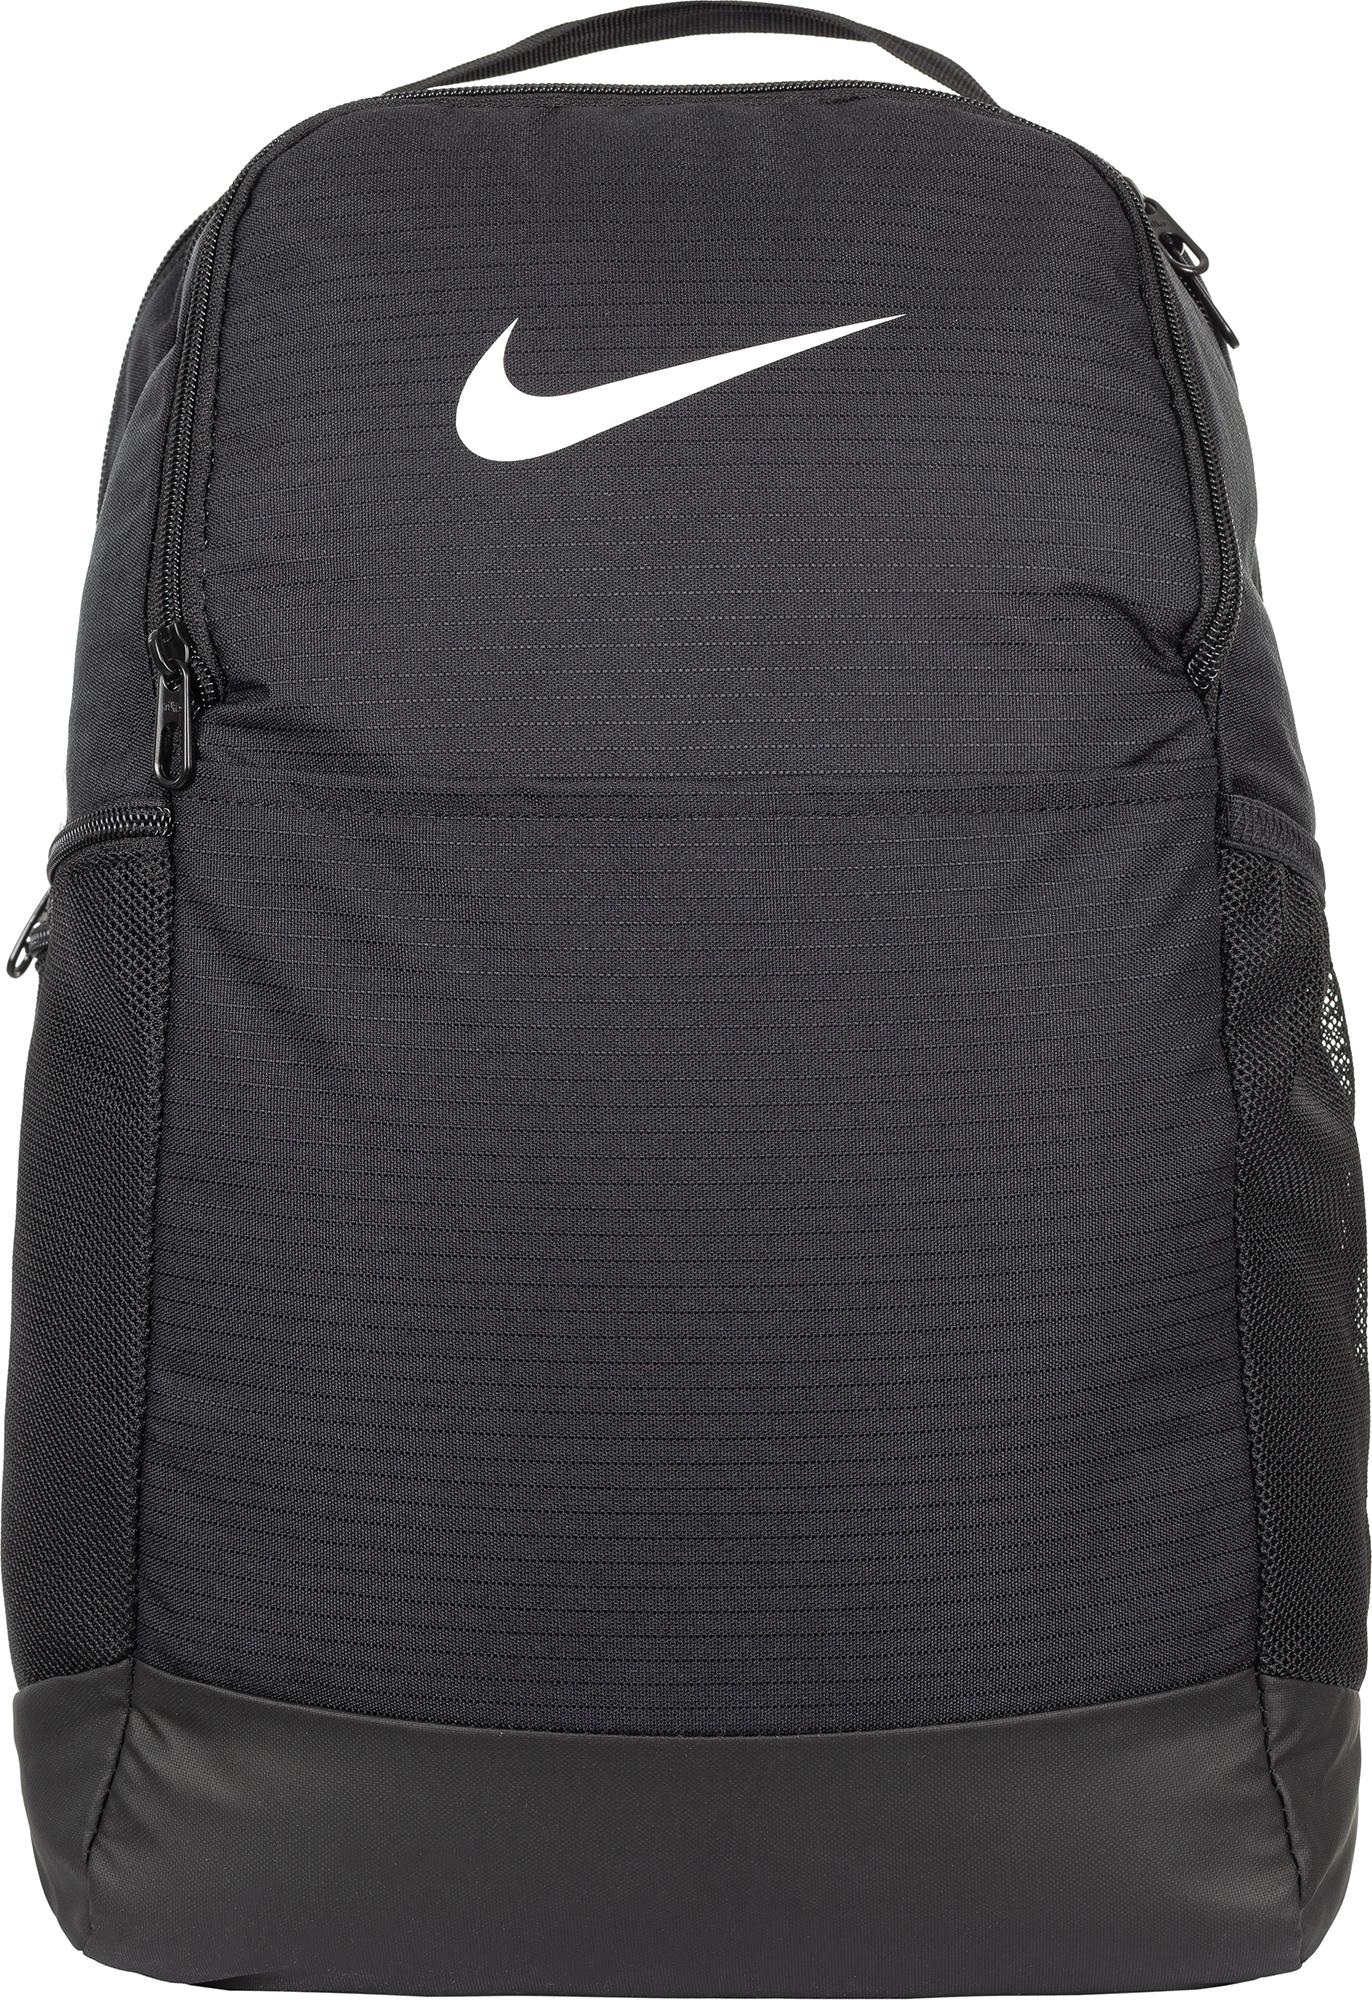 Nike Рюкзак Nike Brasilia все цены
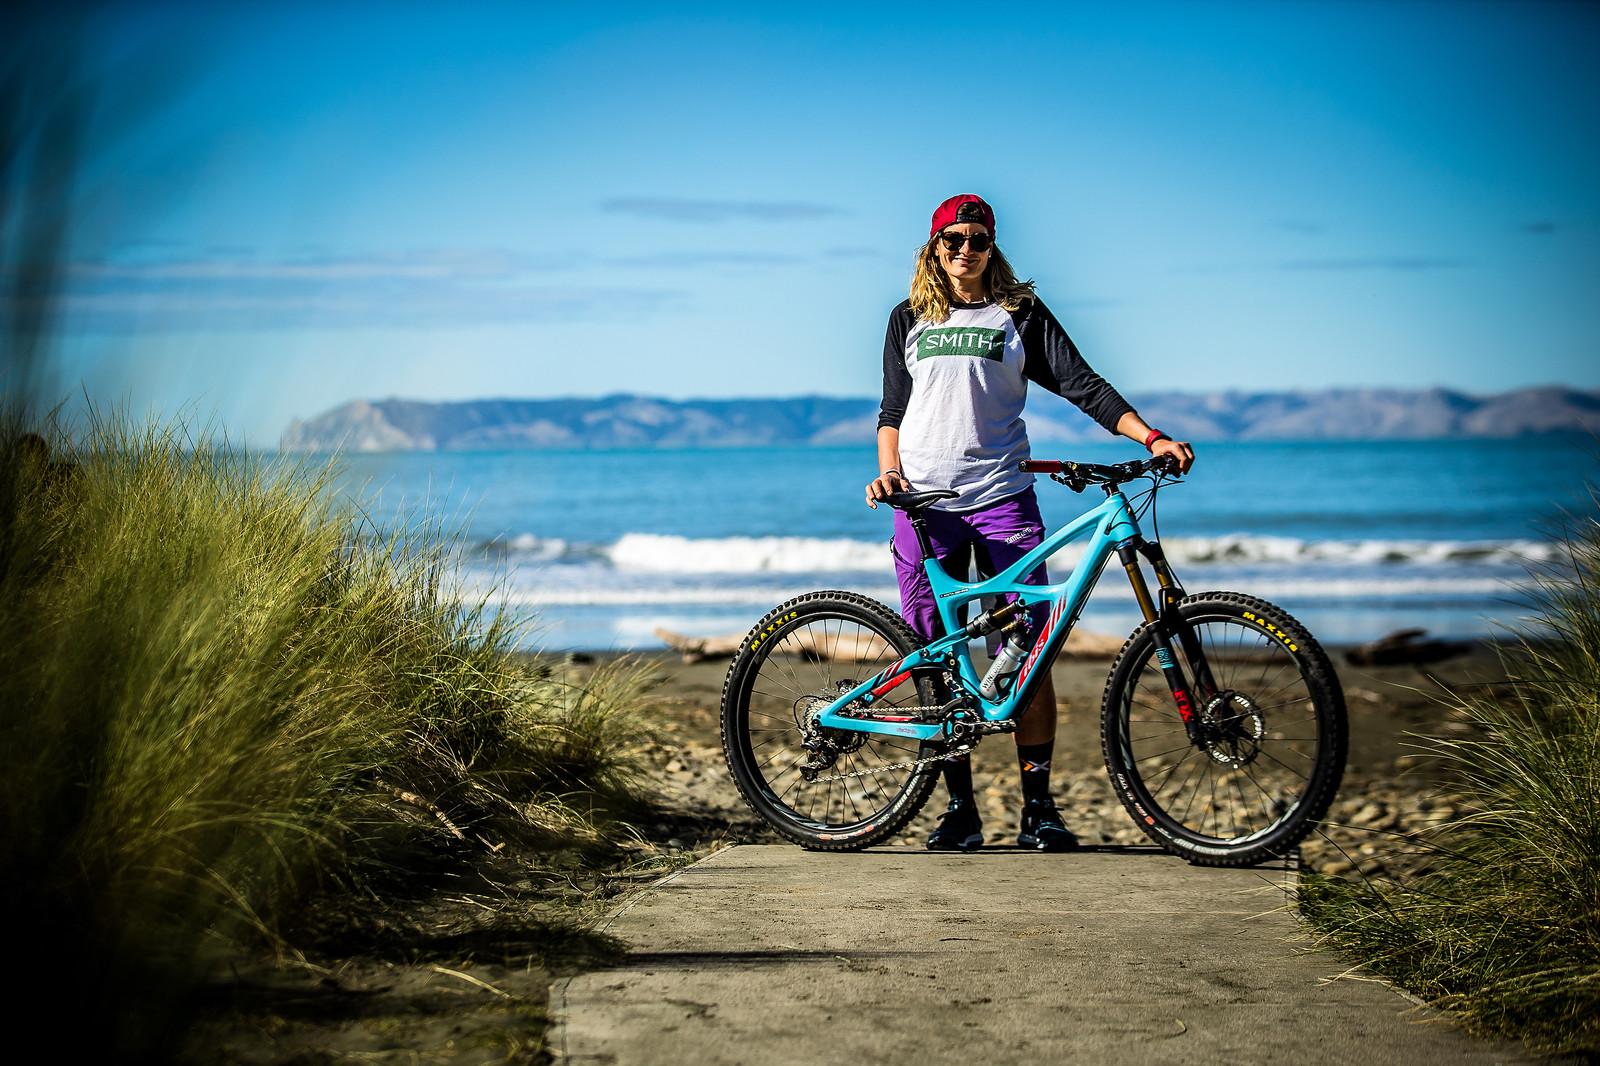 2017 NZ Enduro Pro Bikes - Anita Gehrig's Ibis Mojo HD - 2017 NZ Enduro Pro Bikes - They Wreck 'Em, We Check 'Em - Mountain Biking Pictures - Vital MTB
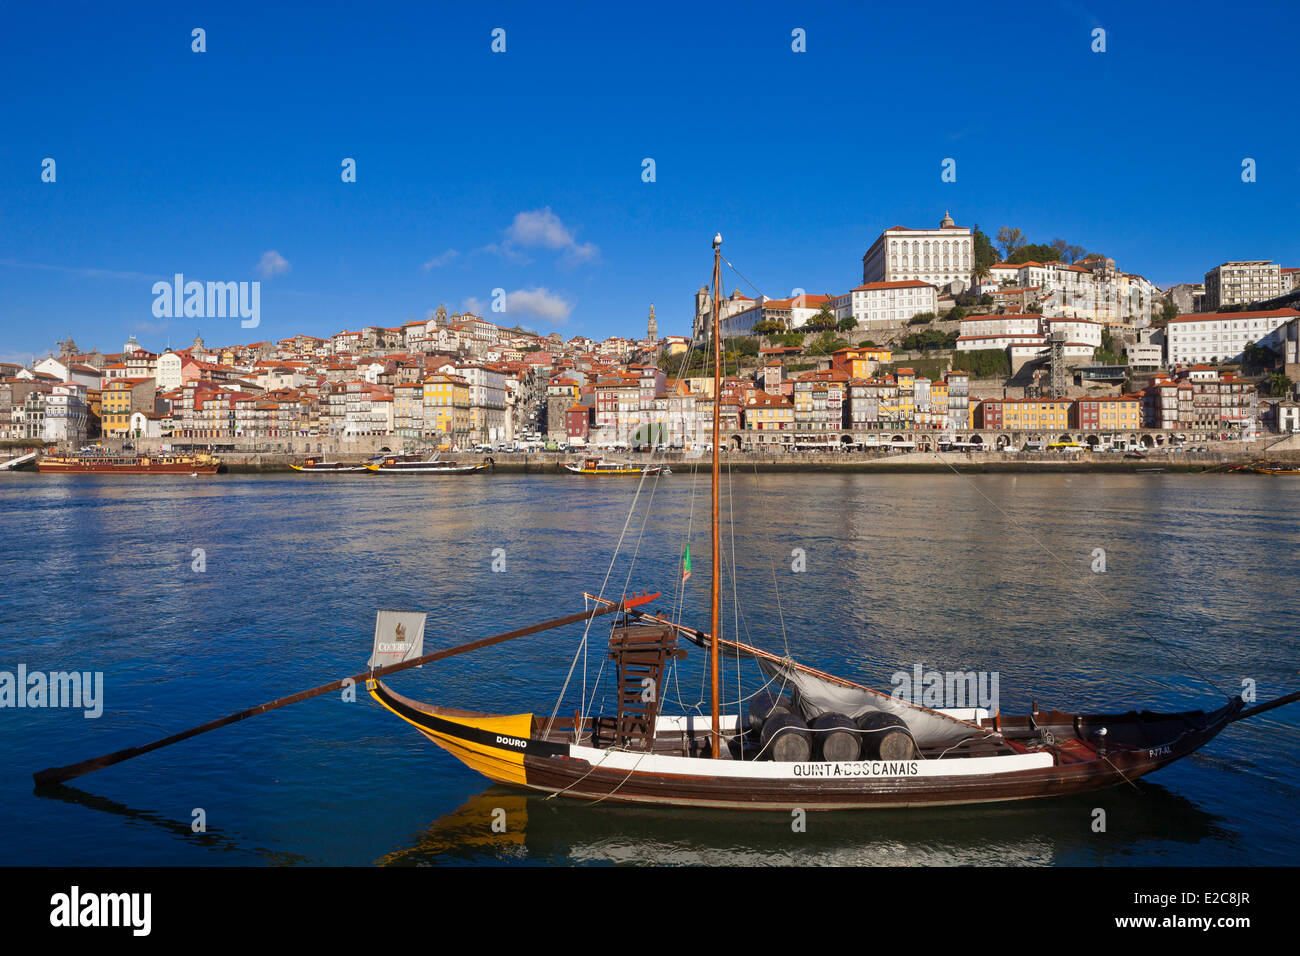 Portugal, Norte Region, Porto, historical center listed as World Heritage by UNESCO, the historic Cais de Ribeira Stock Photo
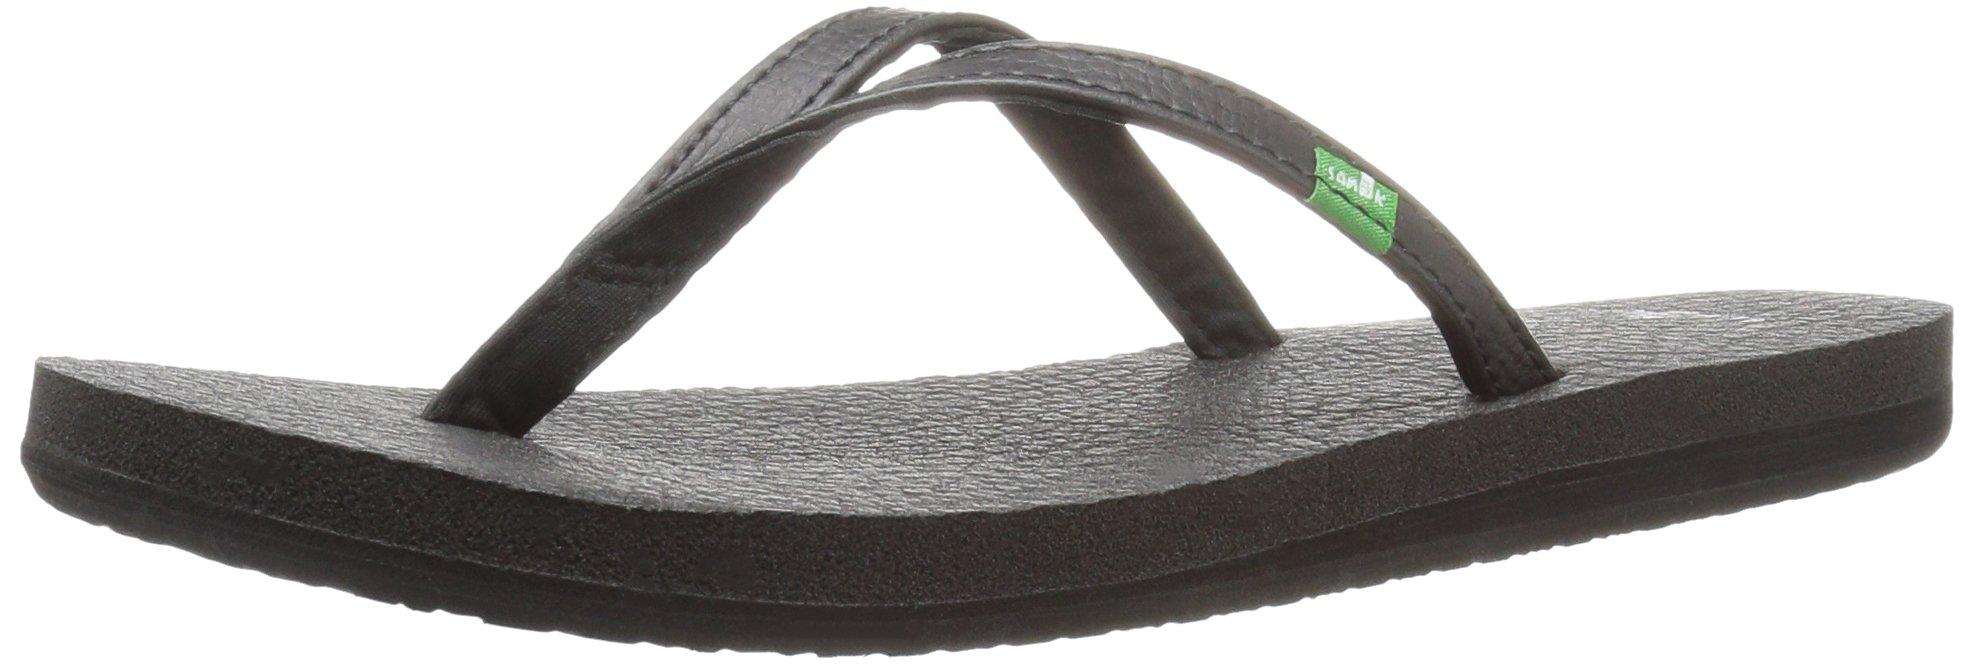 Sanuk Women's Yoga Spree 4 Flip Flop, Black, 9 M US

----

Apart from the images, reproduce the listing exactly as it appears.

 Nike Рюкзак Nike Brasilia все цены
 2017 NZ Enduro Pro Bikes - Anita Gehrig's Ibis Mojo HD - 2017 NZ Enduro Pro Bikes - They Wreck 'Em, We Check 'Em - Mountain Biking Pictures - Vital MTB
 Portugal, Norte Region, Porto, historical center listed as World Heritage by UNESCO, the historic Cais de Ribeira Stock Photo
 Sanuk Women's Yoga Spree 4 Flip Flop, Black, 9 M US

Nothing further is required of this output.